§ DIRECTIONS: Send back the data below exactly. Drop every picture.

SUPPLIED DATA below:

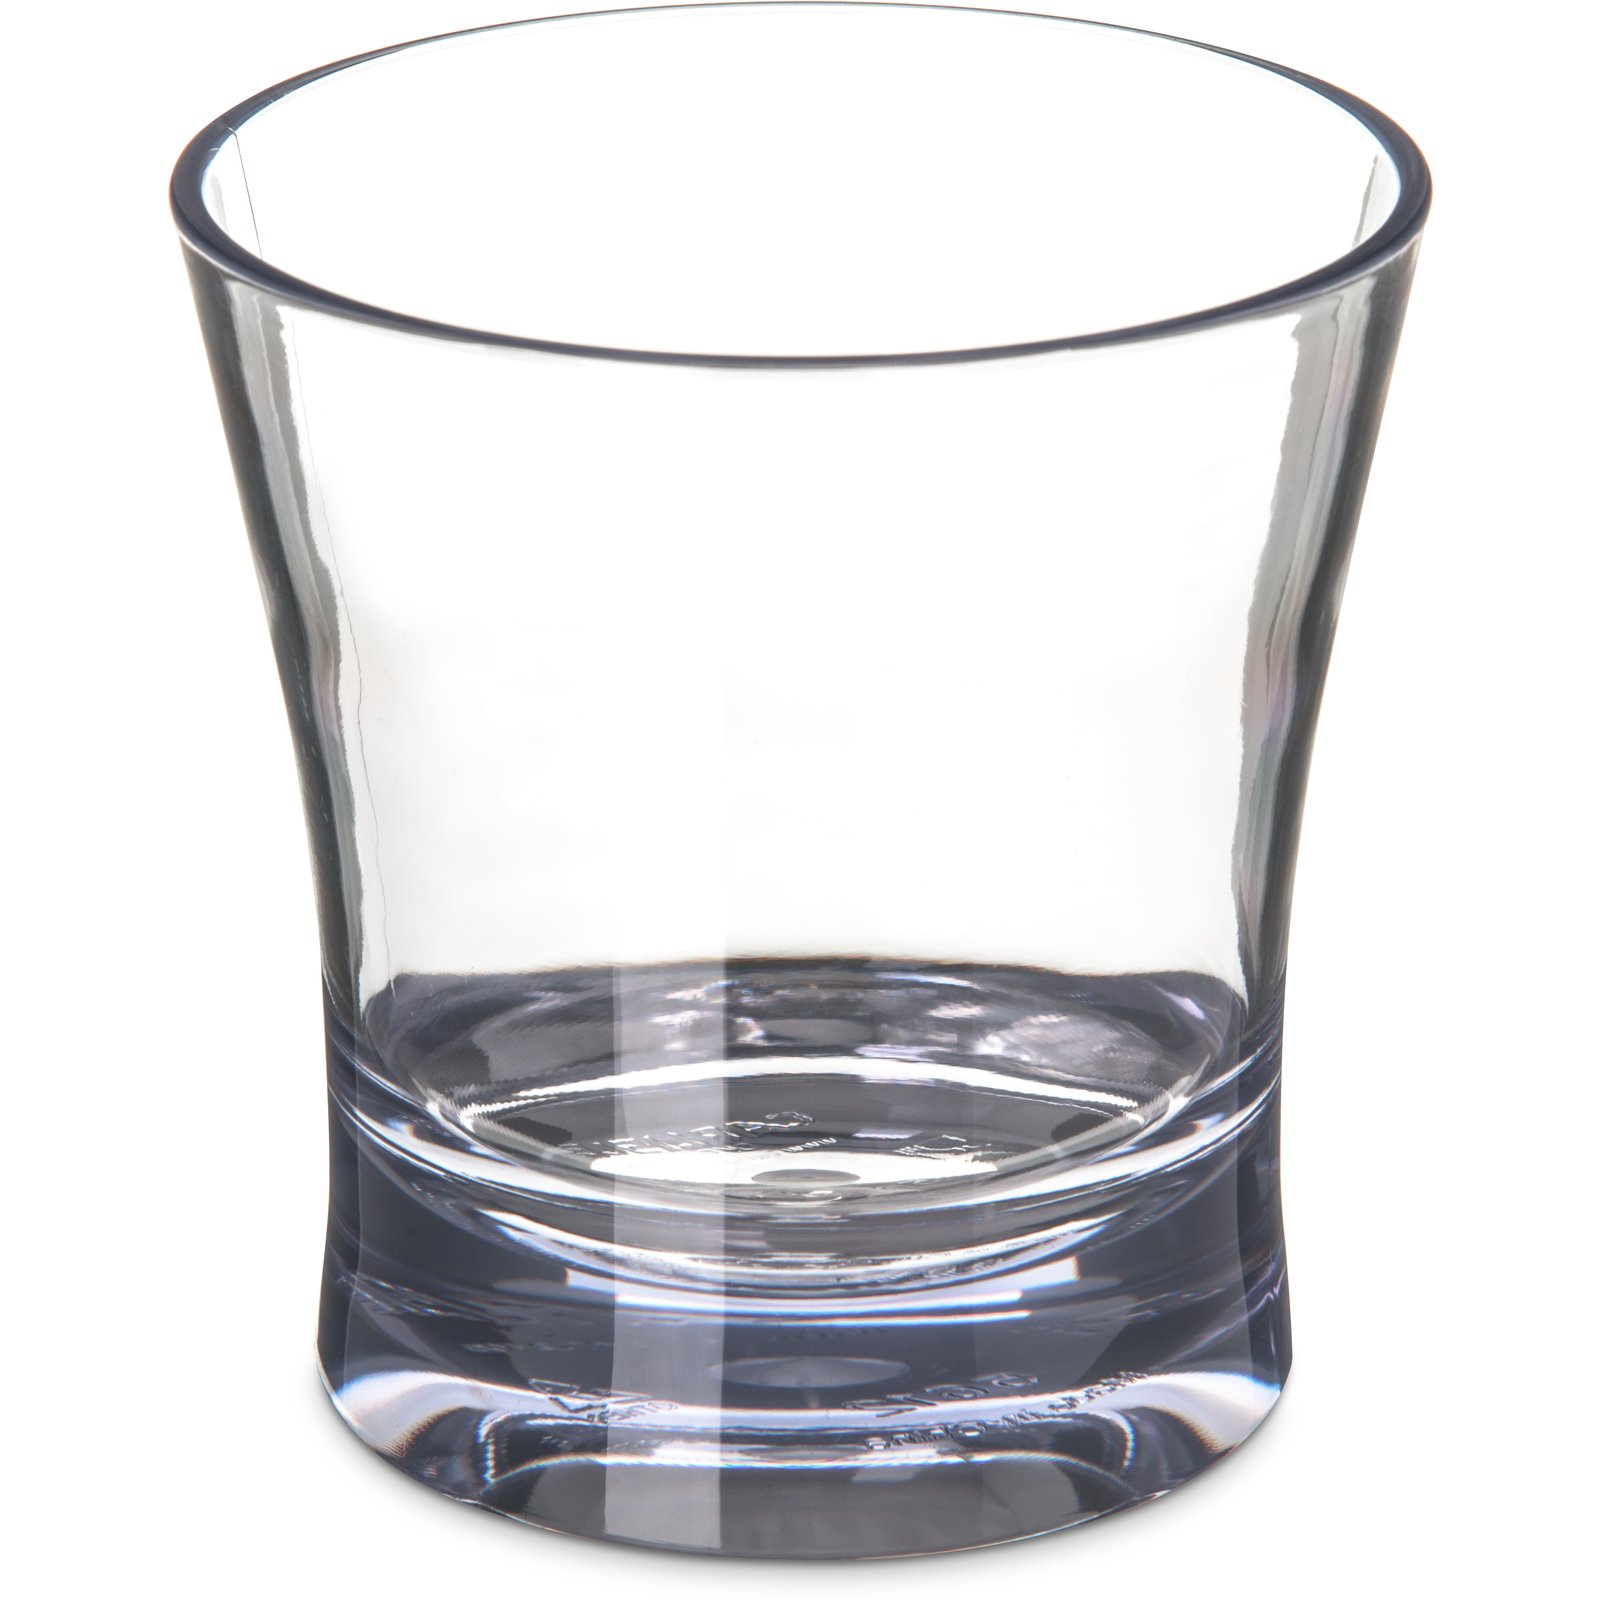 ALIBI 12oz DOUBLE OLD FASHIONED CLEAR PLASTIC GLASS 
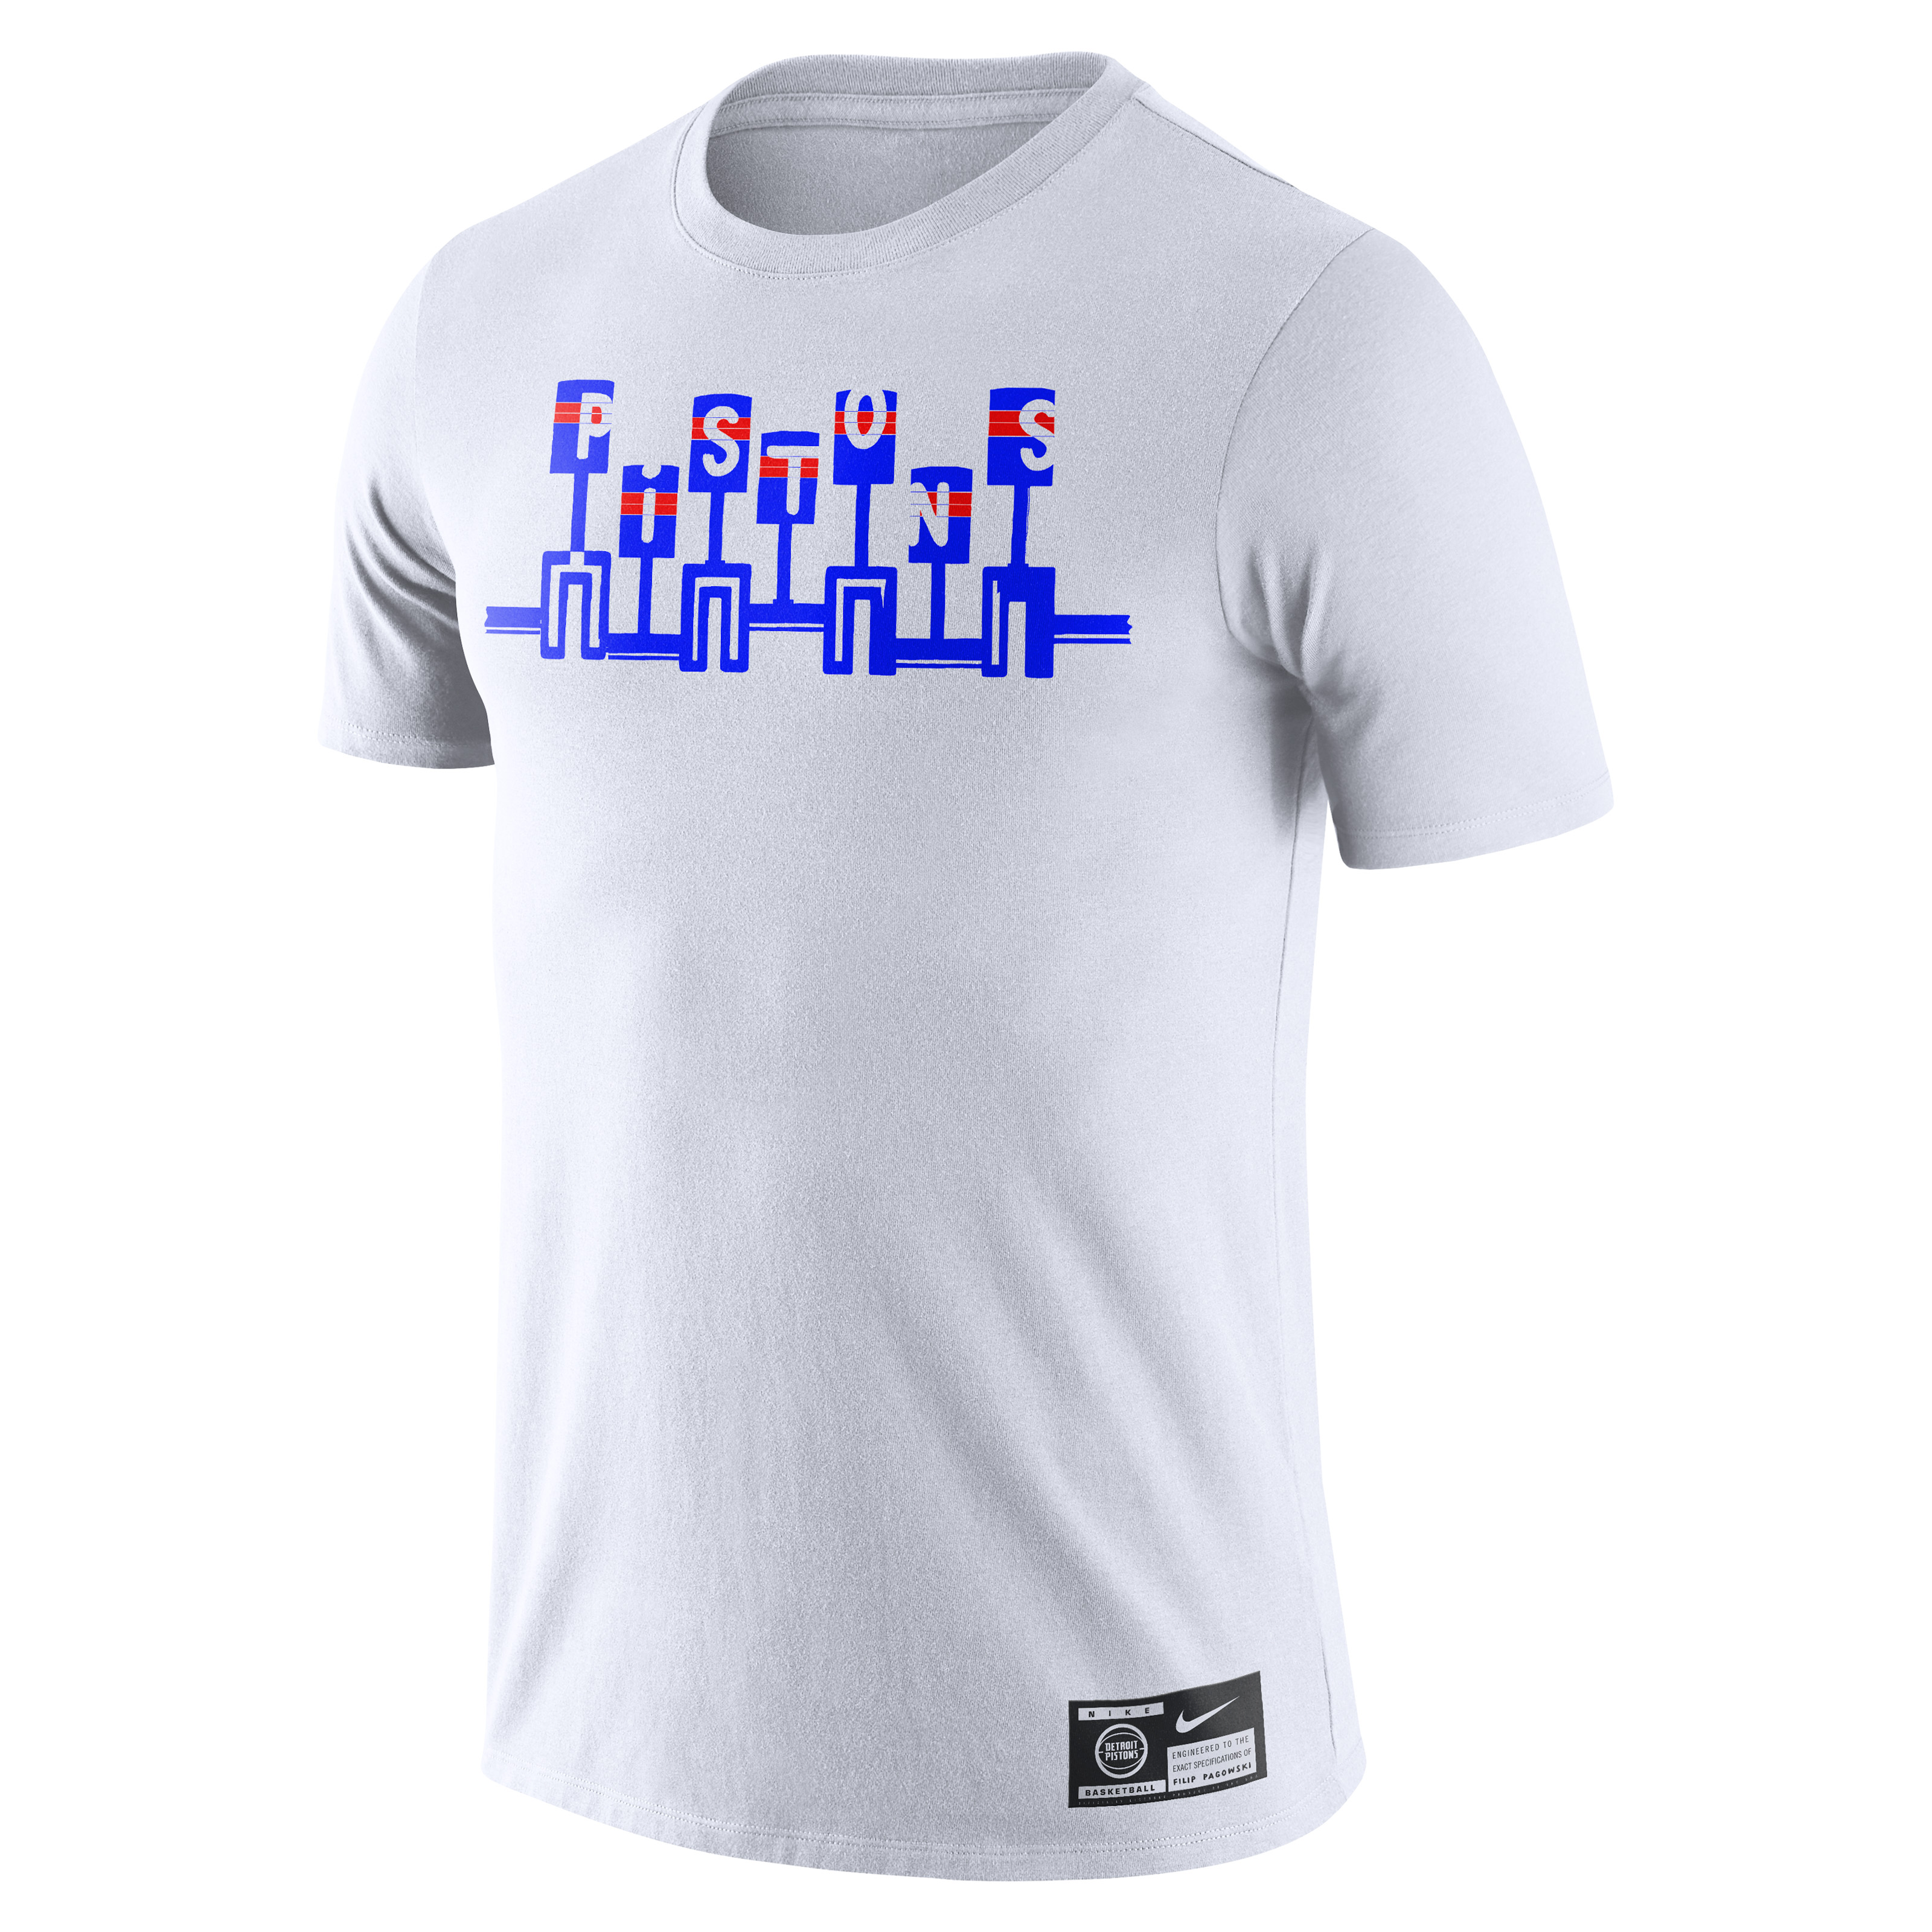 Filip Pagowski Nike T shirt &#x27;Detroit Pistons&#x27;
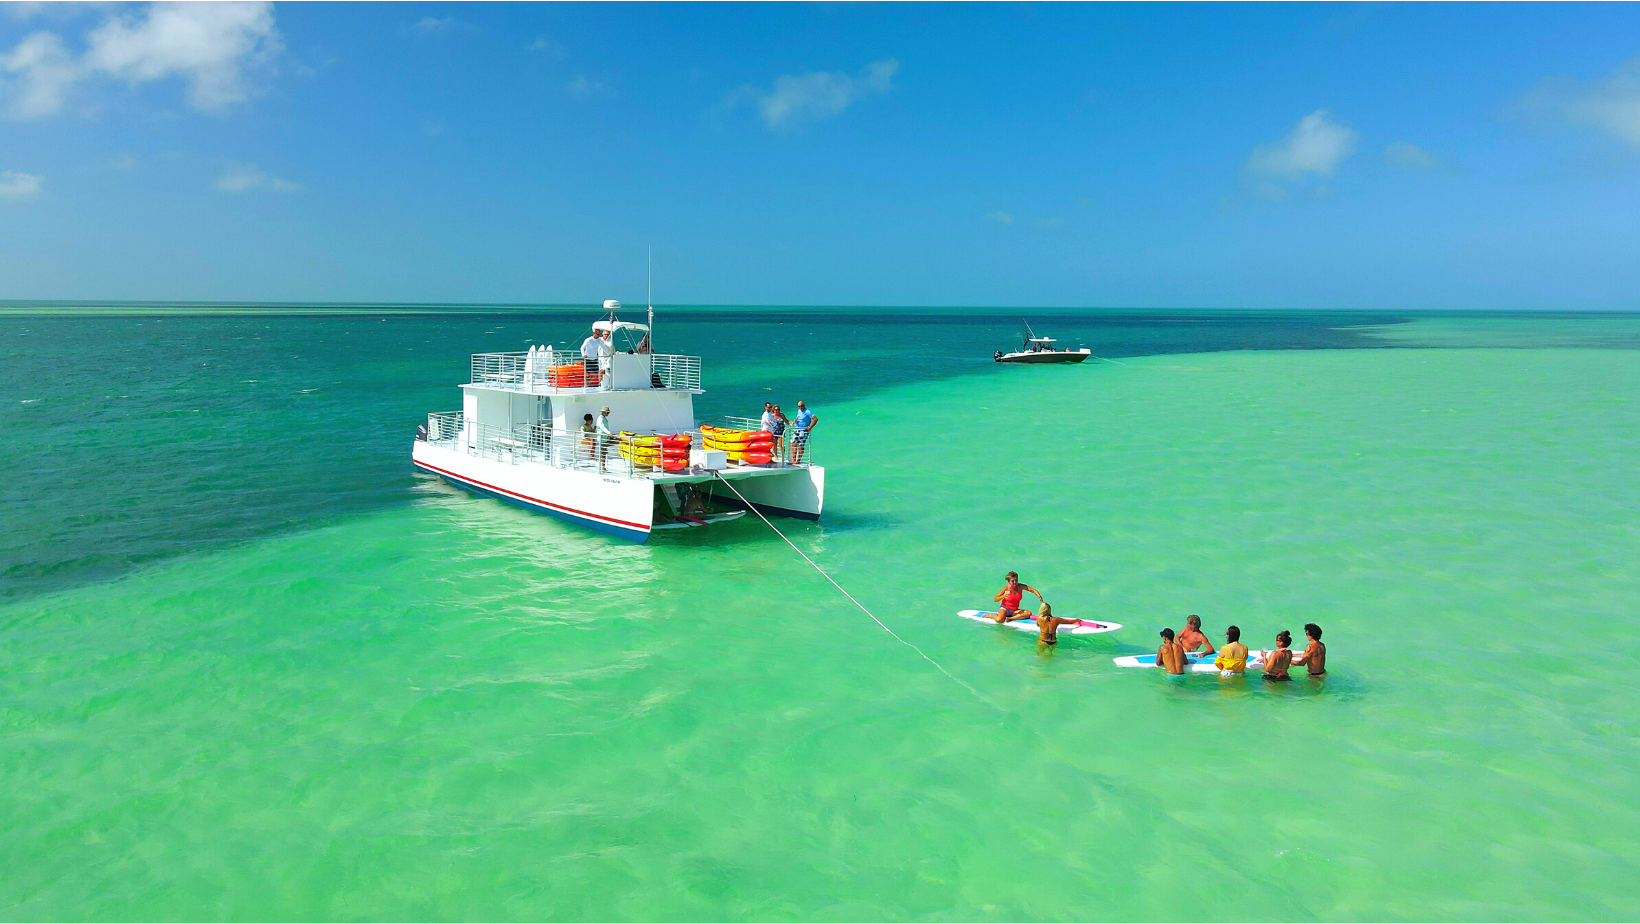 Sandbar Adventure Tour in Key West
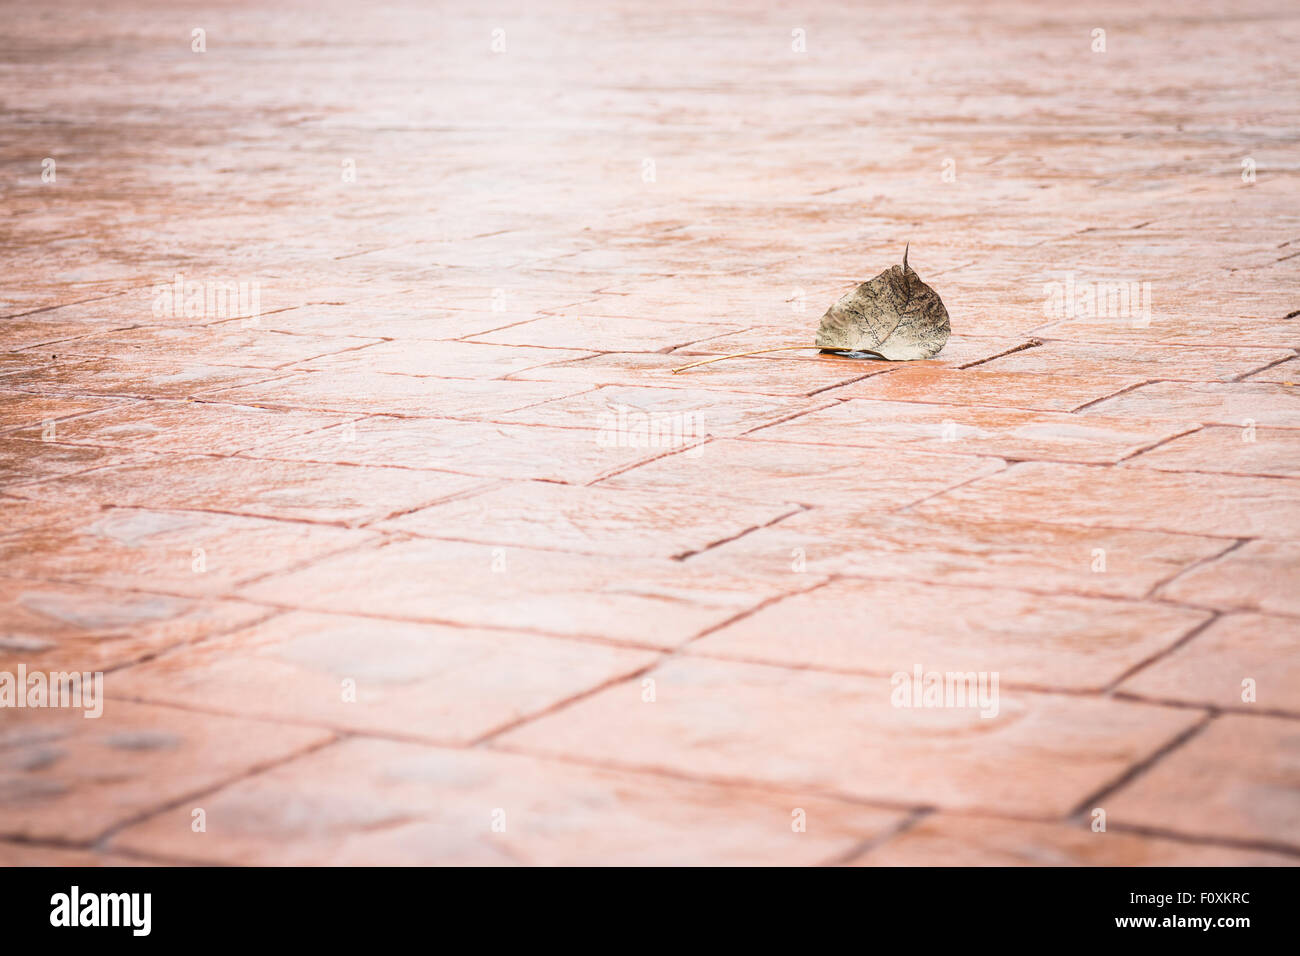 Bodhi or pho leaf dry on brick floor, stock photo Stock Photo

End of SUPPLIED DATA.

§ WRITTEN ANSWER:
 ALIBI 12oz DOUBLE OLD FASHIONED CLEAR PLASTIC GLASS 
 Filip Pagowski Nike T shirt &#x27;Detroit Pistons&#x27;
 Sandbar Adventure Tour in Key West
 Bodhi or pho leaf dry on brick floor, stock photo Stock Photo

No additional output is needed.